_THE INPUT_.
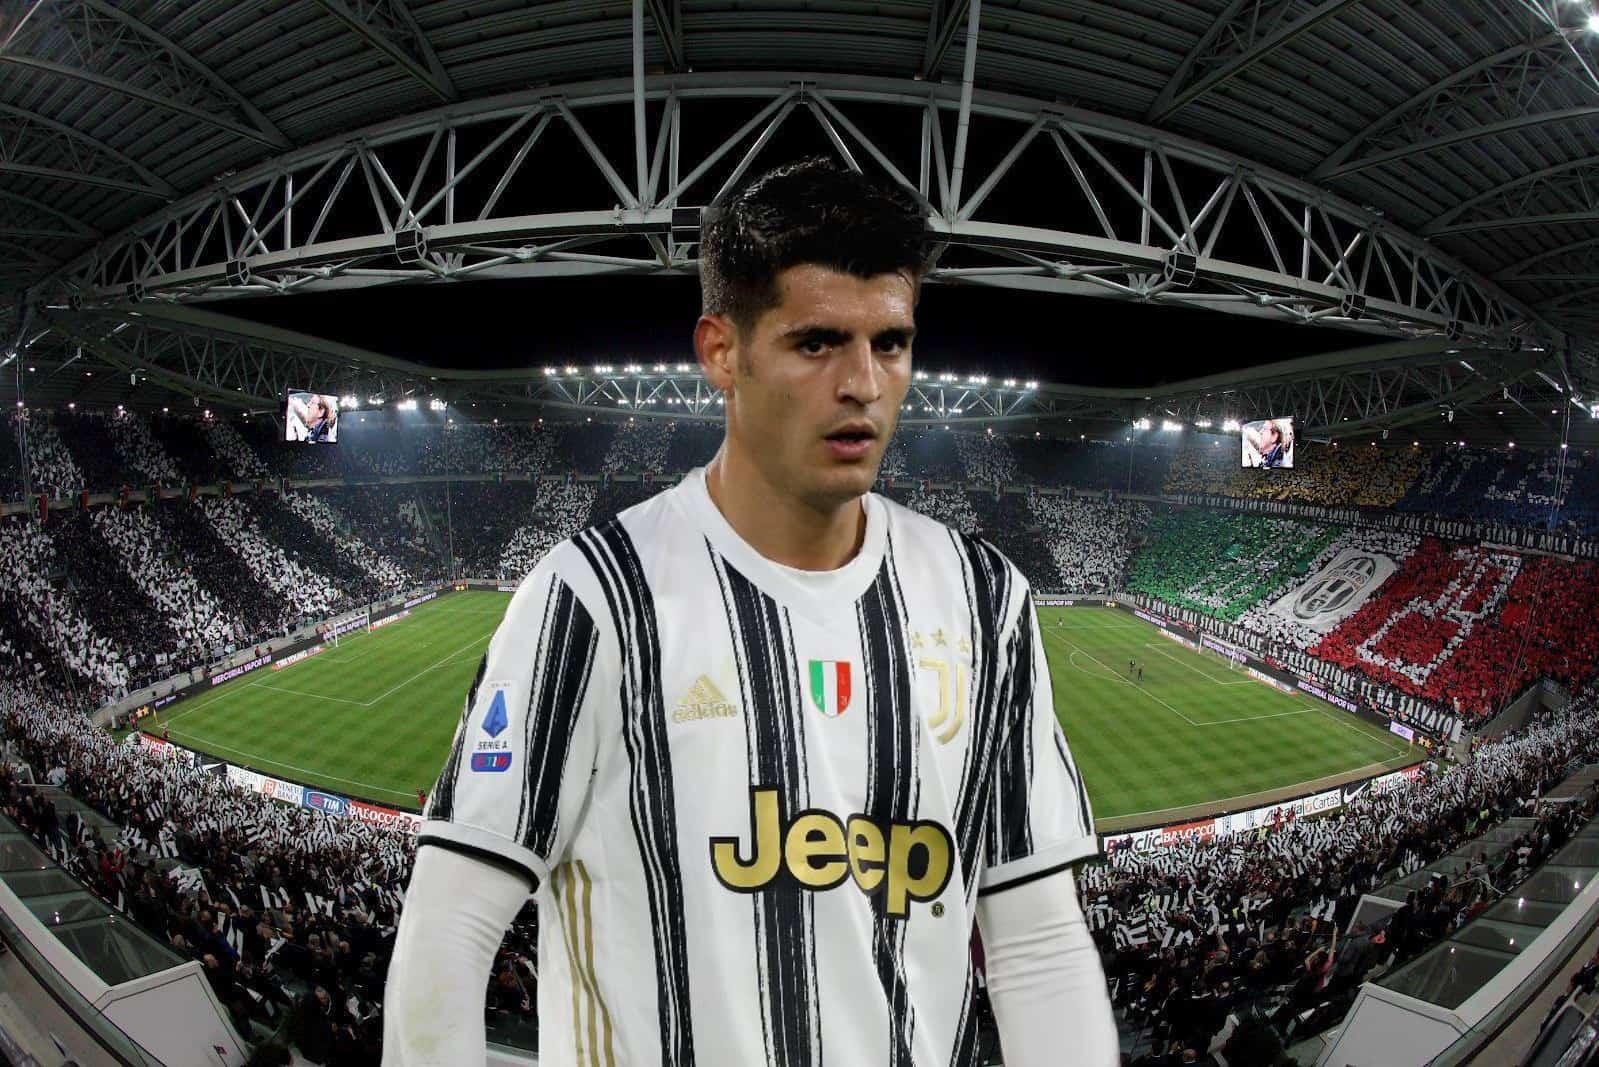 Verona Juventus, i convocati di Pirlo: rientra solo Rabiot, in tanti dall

---

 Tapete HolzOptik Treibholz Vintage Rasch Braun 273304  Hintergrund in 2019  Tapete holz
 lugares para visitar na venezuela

_PROBLEM REQUIREMENTS_. Above this instruction are the records; retype exactly the lines from the one containing "Tapete HolzOptik Treibholz" up to and including the one containing "lugares para visitar na venezuela".

_RESULT BELOW_.
 Tapete HolzOptik Treibholz Vintage Rasch Braun 273304  Hintergrund in 2019  Tapete holz
 lugares para visitar na venezuela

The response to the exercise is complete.